As Canada faced the additional crisis of COVID-19, existing harm reduction services had to be put on hold and substance users were further isolated from healthcare services. During the early months of the pandemic, many treatment and harm reduction services across the country were forced to reduce their services or close altogether.
The impact of these closures is clear in Alberta, which currently has six safe consumption sites, and was seeing a 24 per cent decline in Fentanyl overdoses related to the increase in harm reduction services before the pandemic hit.
This week, the Alberta government released a report on opioid-related overdoses which noted that beginning in March of 2020, opioid overdoses began to rise, and directly attributed the rise to “a decrease in the utilization of treatment and harm reduction services.”
The same report clearly outlined that COVID-19 reduced the number of visits to safe consumption sites in the province. From January to March, there were 114,430 visits to Alberta’s safe consumption sites. From April to June 2020 there were only 40,755 visits to those same sites.
Despite B.C. having seven safe consumption sites currently active, when the provincial coroner’s service released a report on illicit drug overdoses earlier this week, the numbers mirrored the Saskatchewan Coroner’s Service report released last month. Like Saskatchewan, B.C. had more fatal overdoses in the first eight months of 2020 than the whole of 2019.

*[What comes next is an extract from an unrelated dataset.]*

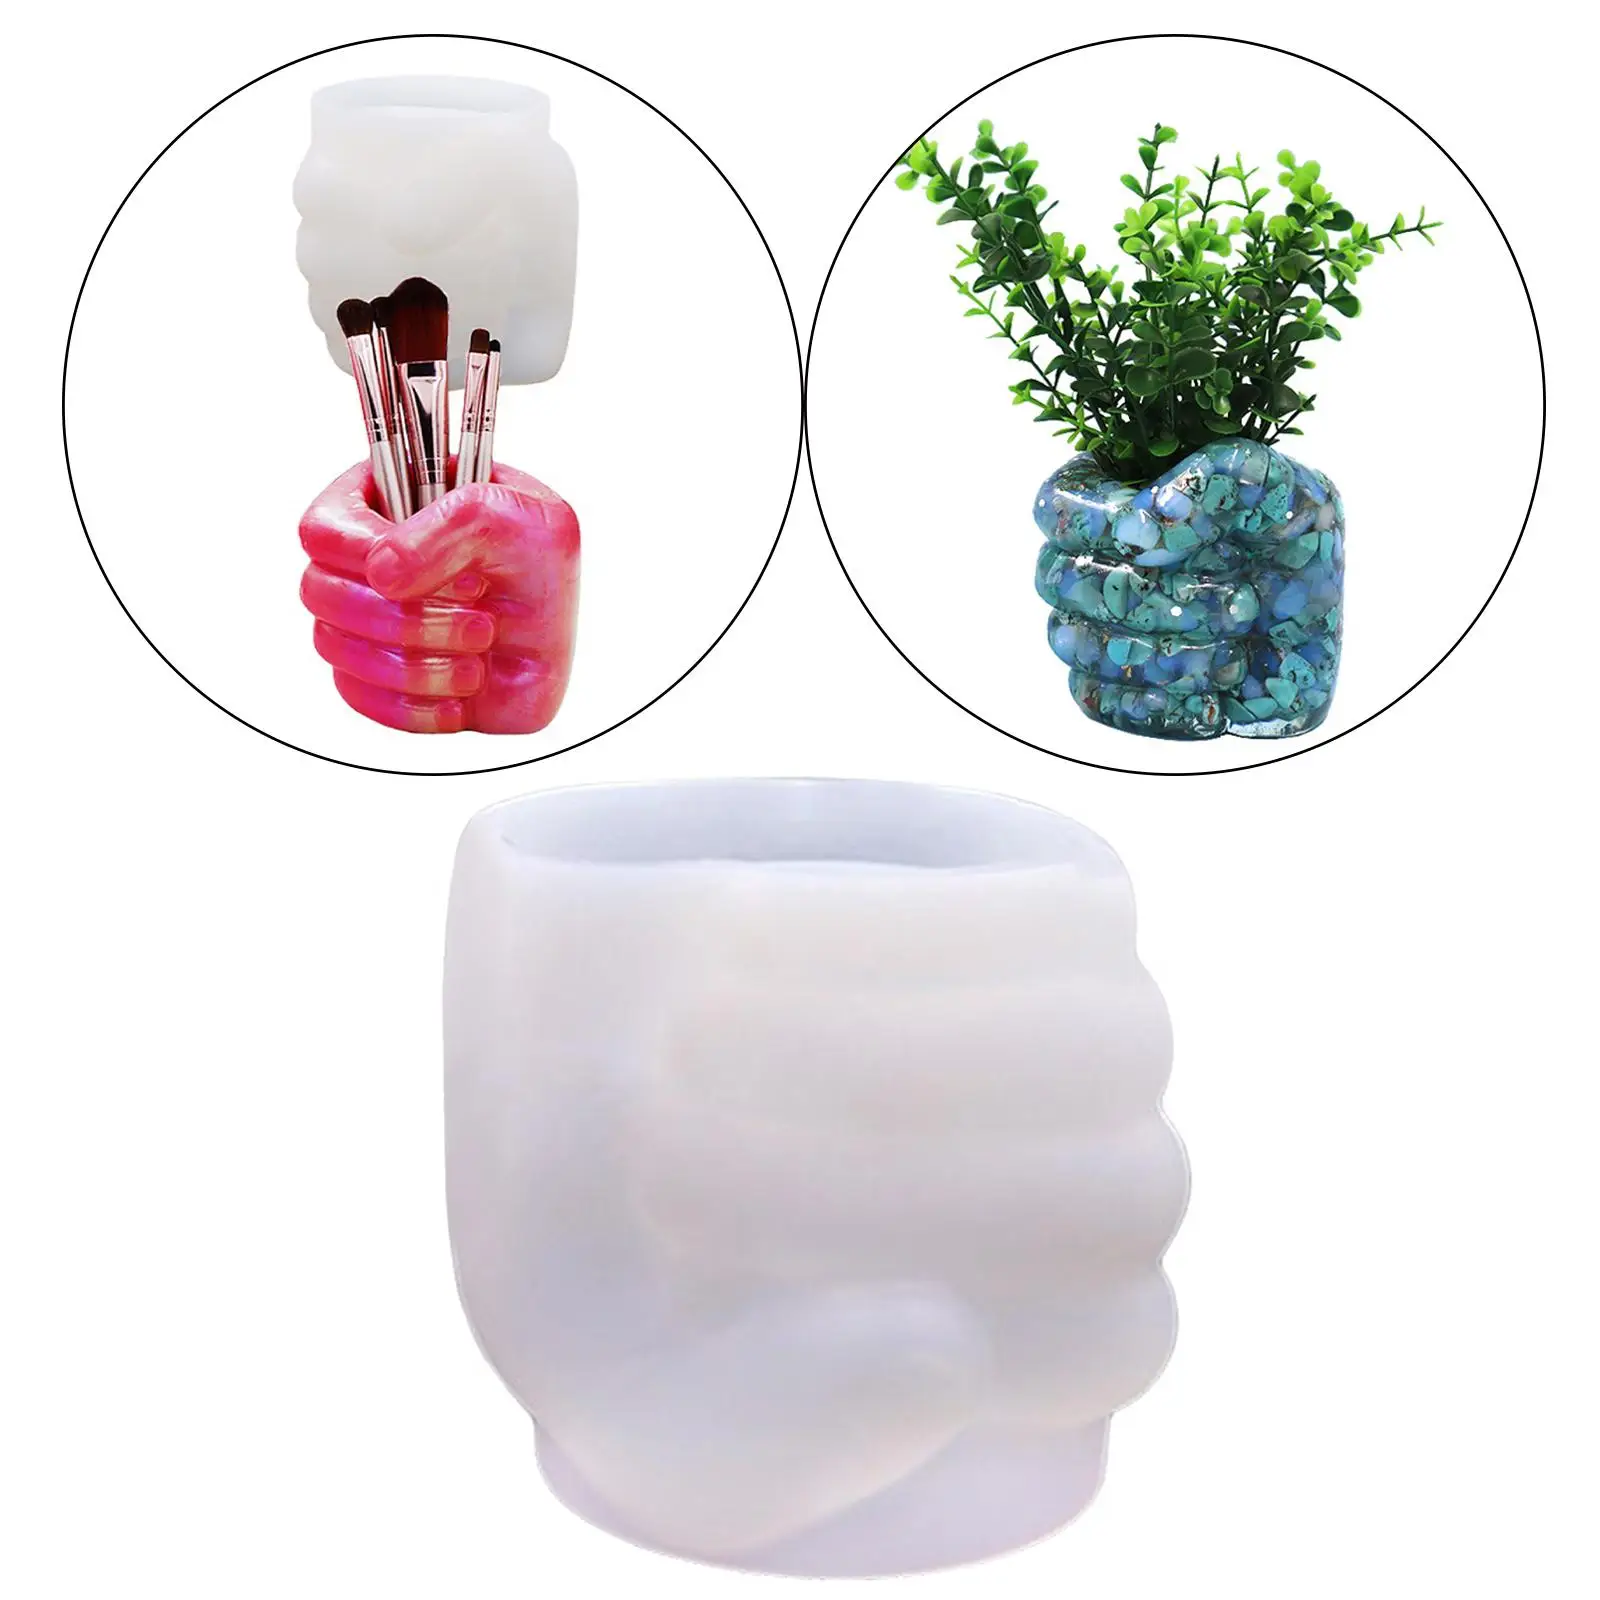 Silicone Pen Holder Mold Epoxy Resin Flower Pot Mould Vase Mold Home Decor Crafts Making Handmade Art DIY Supplies

Both Prime Minister Trudeau and former substance user Felicella agree that the most recent uptick in overdoses is due in part to increased isolation of individuals related to the COVID-19 pandemic. However, even in a year without a global pandemic, illegal substance users are forced to live on the outskirts of society, to the detriment of themselves and those who care about them.
Harm reduction workers like Piyêsîs and Mercredi are far from giving up. They firmly count themselves among those who care about substance users, and they do so unconditionally.
“Our Indigenous teachings tell us no one is thrown away,” Piyêsîs said. “If they choose for the rest of their life to use drugs or alcohol, then that’s their choice [and] we don’t judge them. We acknowledge them and their spirit and help them as much as possible with their day to day struggles of being homeless, living in poverty, and actively using.”